You run these through the requests package and the get function within it. Your single argument for this is the link you want to extract from, unless you're looping over multiple. Your store this as a reponse which is whether the website responded to your request. You've all seen these before when you get a website 404 or something. These are failed responses. You can read the response using the json method. of the json data type. JSON stores your values as a dictionary or list, and usually within one of the dictionary entries is the info you want. For our example, we want the 'data' dictionary entry, and then the 4th item from the list within it.

#SAU_api = 
response = requests.get("http://api.seaaroundus.org/api/v1/eez/marine-trophic-index/?region_id=8")
json_data = response.json()
json_data
value = json_data['data']
data = value[3]

Below is a more advanced version of this to store all the values and years separately so they can be easily written to a csv file.

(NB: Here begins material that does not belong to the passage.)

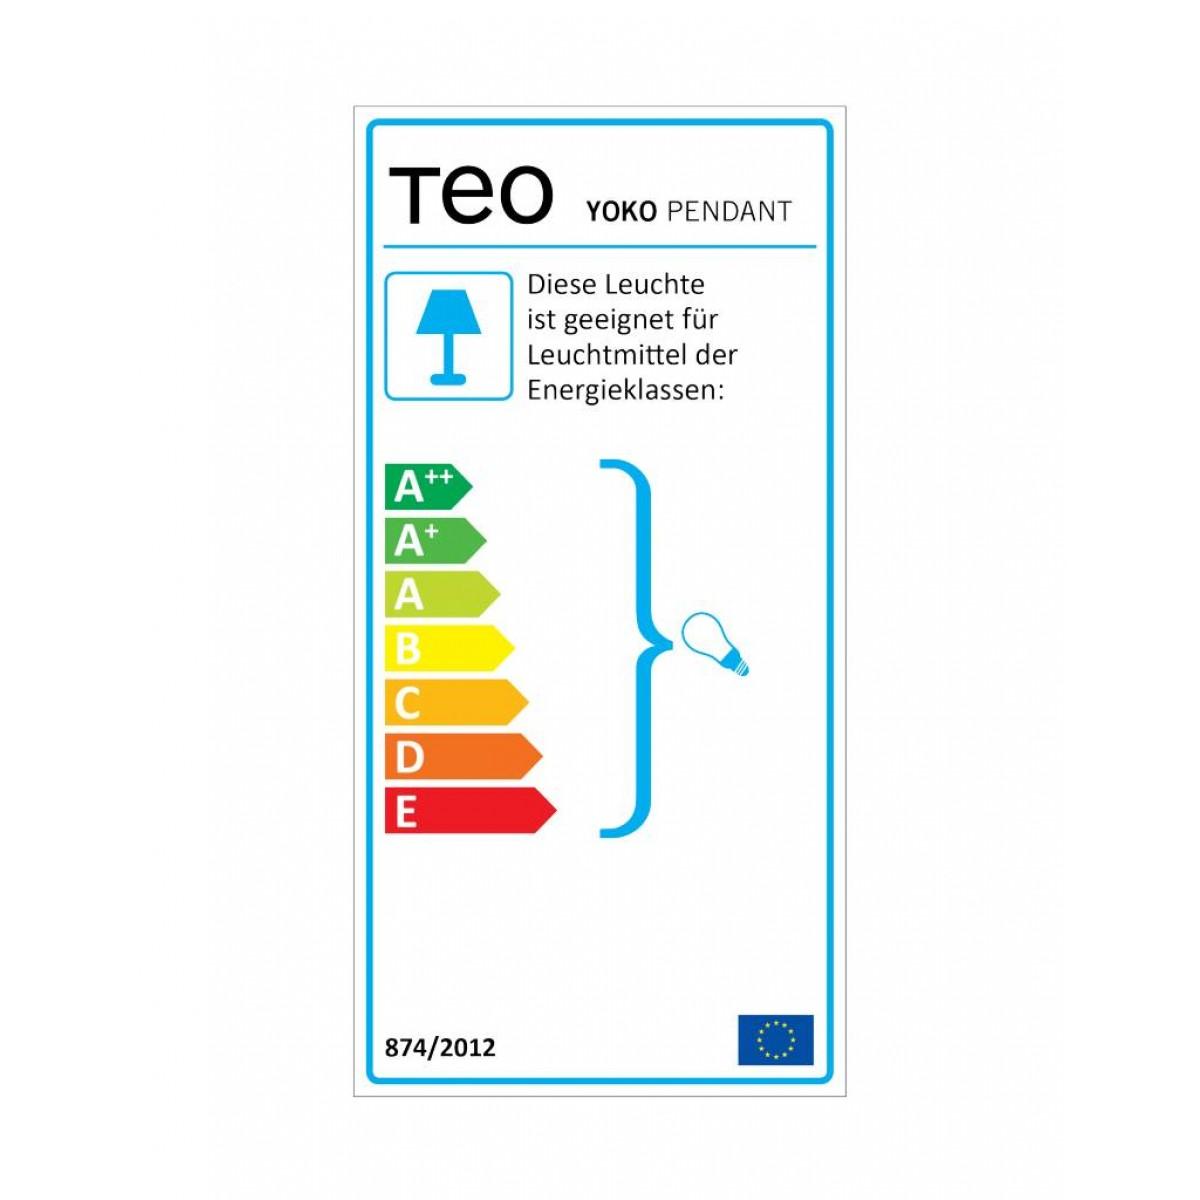 TEO - YOKO - Hängeleuchte (dunkelrot)

#Marine Trophic Index Extraction
full_table = []
for url in urls_full:
    response = requests.get(url)
    json_data = response.json()
    json_data
    value = json_data['data']
    data = value[4]['values']
    years = []
    mti_value = []
    for item in data:
        year = item[0]
        value = item[1]
        years.append(year)
        mti_value.append(value)
    number = url.split("=")
    number = number[1]
    entry= []
    entry = [number, years, mti_value]
    full_table.append(entry)

Now, what you all probably actually want: FishBase. Here's my first attempt from earlier today for trophic level from fishbase. It takes a fair bit of searching but there is likely a better way. I stopped when I got to the reference link, TL, and standard error for Pacific herring, but this could be re-run modifying the id of the link, and with more spliting and accessing based on the lists.

url = "http://fishbase.org/Summary/SpeciesSummary.php?ID=1520&AT=pacific+herring"
req = Request(url, headers={'User-Agent': 'Mozilla/5.0'})
page = urlopen(req).read()
soup = BeautifulSoup(page, "lxml")
soup.prettify
table = soup.find_all("div")
data = str(table)
data = data.split("Trophic Level")
string = str(data[4])
split = string.split("Start resilience")
tl = split[0]
print(tl)